Ya en el punto que estábamos y viendo lo excitada que estaba mi novia, tenía claro que no iba a poner ninguna pega. Así que nuestro vecino se colocó en posición, miró el culazo de mi novia y, relamiéndose, empezó a acariciarlo con las dos manos. Me di cuenta que se había colocado de forma que su paquete estaba en contacto con la pierna de mi novia, quien estaría notando la erección que él tenía. Al poco, mi novia dijo:

– Creo que para que merezca la pena de verdad es mejor así. – Y cogió la braguita del bikini con una mano por cada lado, levantó un poco el culo y se la bajó, dejando totalmente al aire ese culazo que nos tenía locos a nuestro vecino y a mí.
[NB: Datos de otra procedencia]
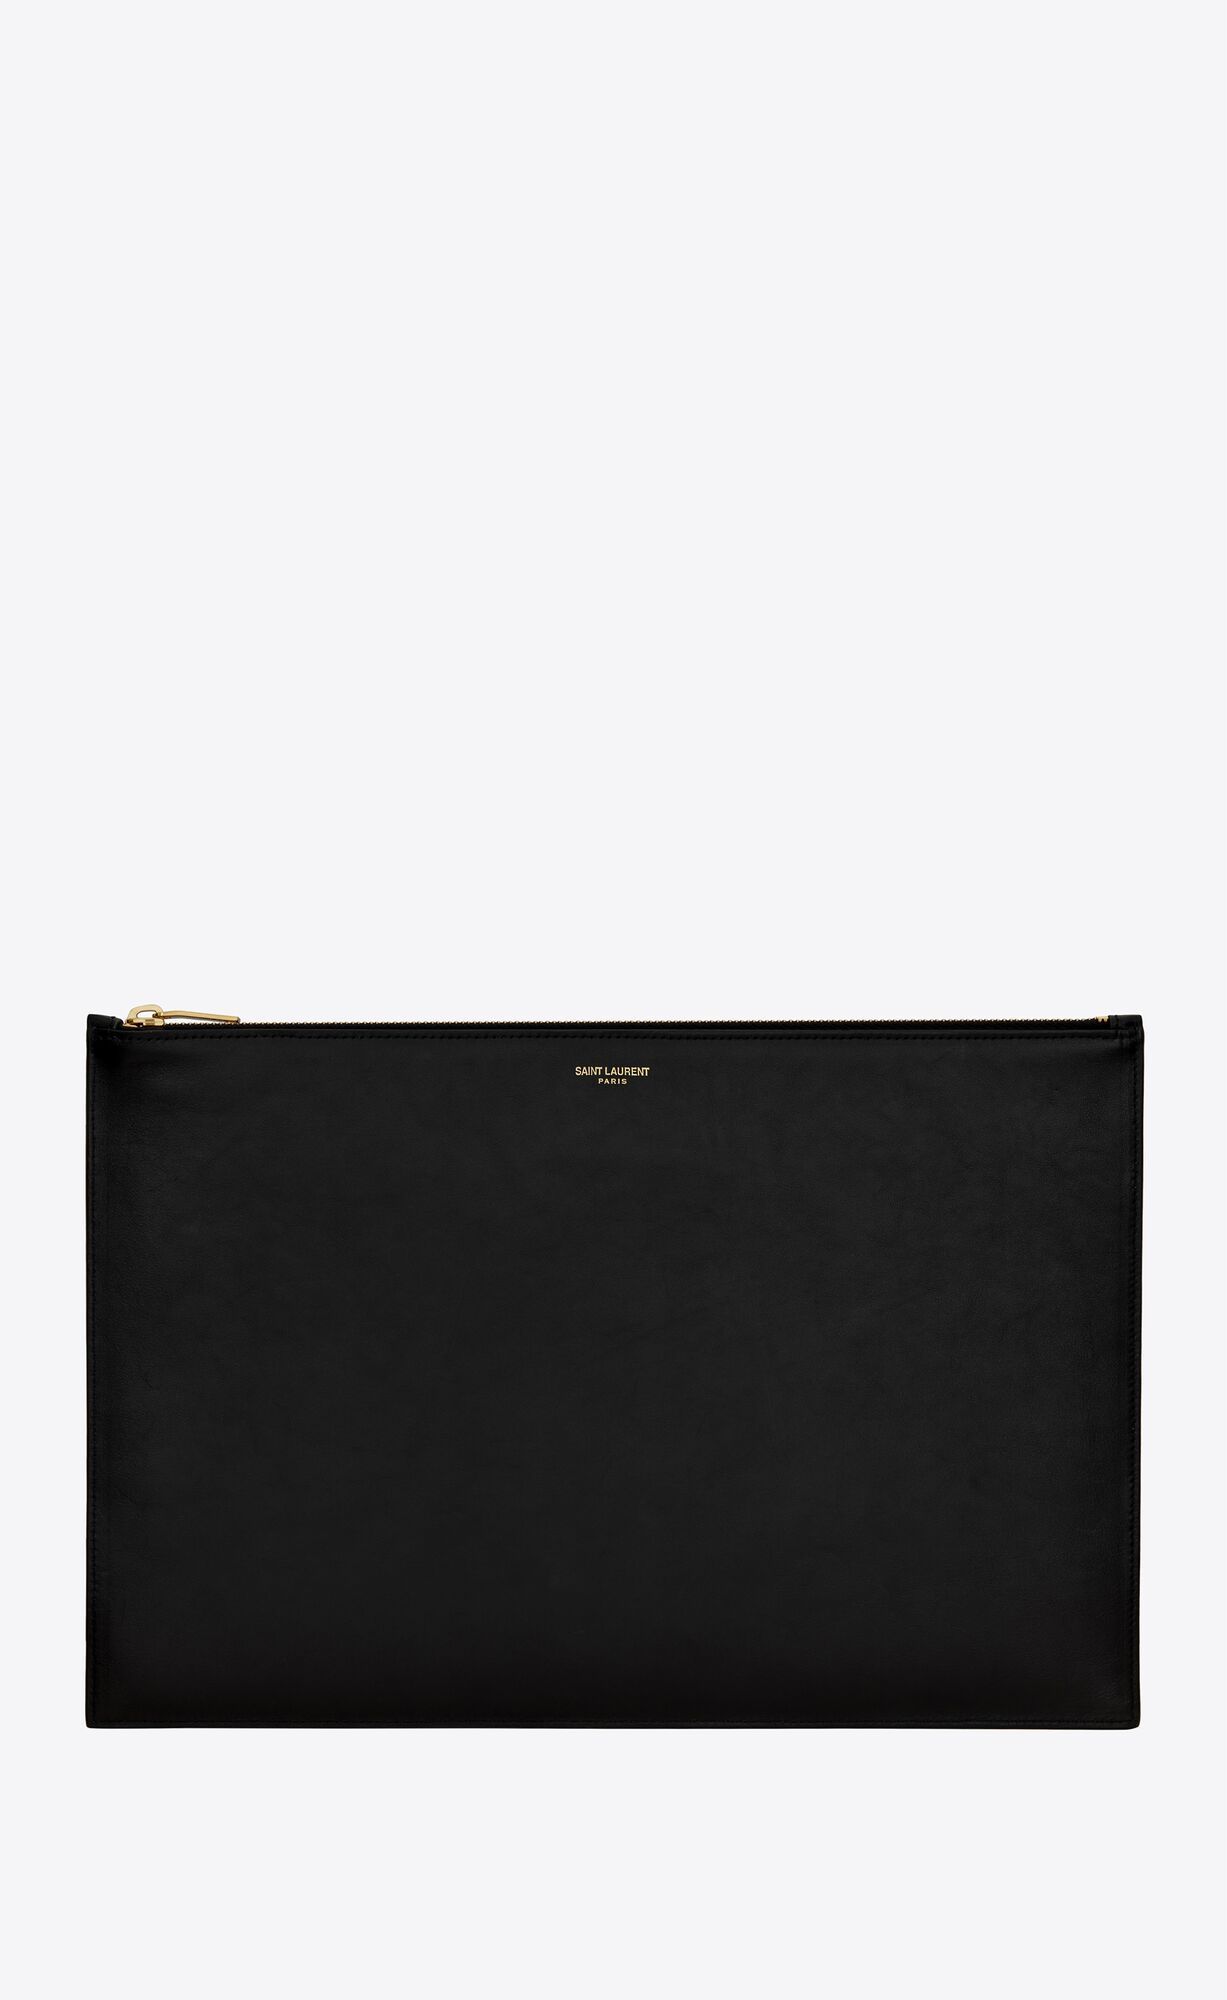 SAINT LAURENT XL flat pouch in shiny leather | Saint Laurent __locale_country__ | YSL.com | Saint Laurent Inc. (Global)

Nuestro compañero, ensimismado como estaba con la visión privilegiada que mi novia le había regalado, se centró por completo en recorrer con sus manos el culo que tenía totalmente a su disposición. Durante el masaje que le estaba propinando, aprovechaba de tanto en tanto para abrir las nalgas de mi novia con lo que vería sin problemas la entrada de su culo y los labios que debían estar bien mojados, estando cada vez más caliente. Pero unos minutos después, miró en la dirección en la que se había ido su mujer y dijo:

– Muchas gracias por todo, ha sido increíble. Siento mucho tener que dejaros pero mi mujer creo que es esa que se empieza a ver.

Se reclinó sobre el culo de mi novia, le besó las dos nalgas, se levantó y fue a su toalla. Una vez allí, no perdió detalle de lo que aún podía ver en la distancia ya que mi novia aún no se había colocado la braguita del bikini y yo estaba recorriendo todo el culo que él había estado tocando momentos antes. Cuando vi que la mujer se acercaba, le subí la braguita y me acerqué al oído:

– ¿Te ha gustado que otro hombre te haya estado tocando, eh?

– Sí, me ha gustado, sobretodo, porque se ha calentado mucho.

– ¿Ves como tengo razón cuando te digo que tienes un culo increíble? – Besé a mi novia y fuimos a darnos un baño.